US 11,669,712 B2
Robustness evaluation via natural typos
Lichao Sun, Chicago, IL (US); Kazuma Hashimoto, Menlo Park, CA (US); Jia Li, Mountain View, CA (US); Richard Socher, Menlo Park, CA (US); and Caiming Xiong, Menlo Park, CA (US)
Assigned to salesforce.com, inc., San Francisco, CA (US)
Filed by salesforce.com, inc., San Francisco, CA (US)
Filed on Sep. 3, 2019, as Appl. No. 16/559,196.
Claims priority of provisional application 62/851,073, filed on May 21, 2019.
Prior Publication US 2020/0372319 A1, Nov. 26, 2020
Int. Cl. G06N 3/08 (2023.01); G06F 40/232 (2020.01); G06N 3/045 (2023.01); G06N 3/008 (2023.01); G06N 3/044 (2023.01)
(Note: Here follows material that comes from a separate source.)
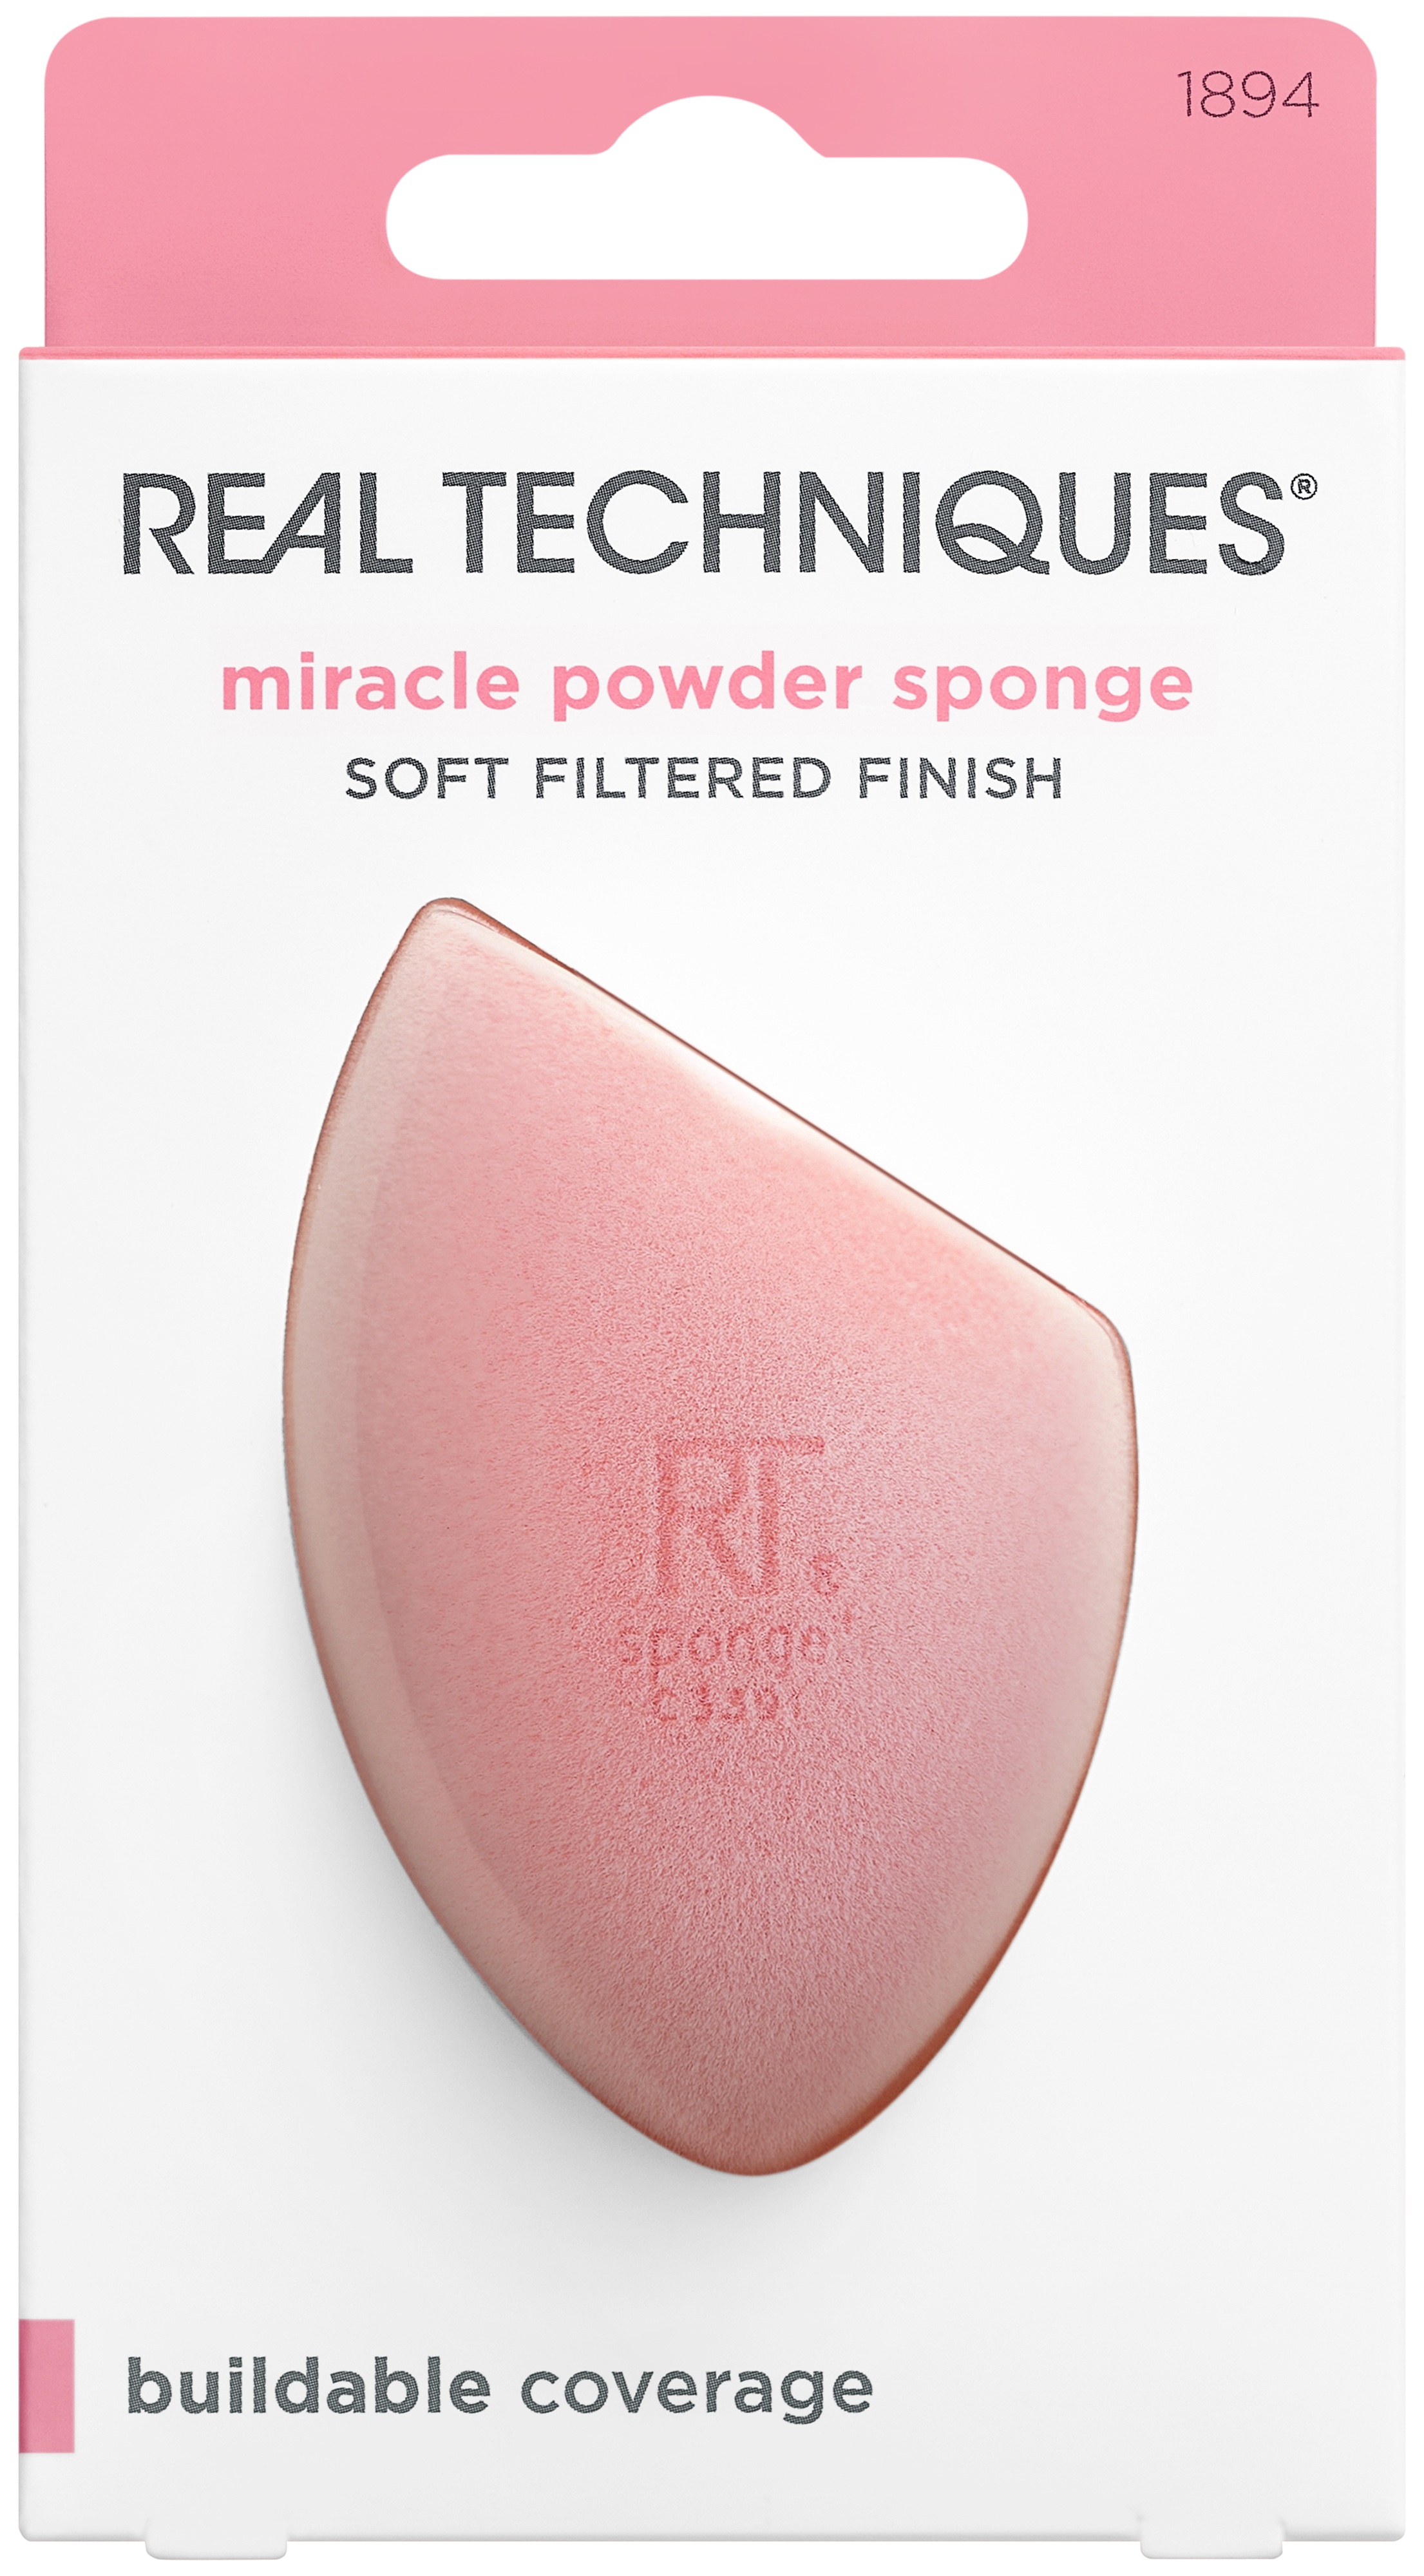  Miracle Powder Sponge

CPC G06N 3/008 (2013.01) [G06F 40/232 (2020.01); G06N 3/044 (2023.01); G06N 3/045 (2023.01); G06N 3/08 (2013.01)] 17 Claims
OG exemplary drawing
 
1. A method for evaluating robustness of one or more target neural network models, comprising:
receiving one or more natural typo generation rules associated with a first task associated with a first input document type;
receiving a first target neural network model;
receiving a first document and corresponding ground truth labels;
generating one or more natural typos for the first document based on the one or more natural typo generation rules, using gradient information of components of the first document, wherein the generating the one or more natural typos include:
segmenting the first document to generate a plurality of sub-word components;
generating gradient information for the plurality of sub-word components; and
generating the one or more natural typos based on the gradient information;
providing, to the first target neural network model, a test document generated based on the first document and the one or more natural typos as an input document to generate a first output; and
generating a robustness evaluation result of the first target neural network model based on a comparison between the output and the ground truth labels.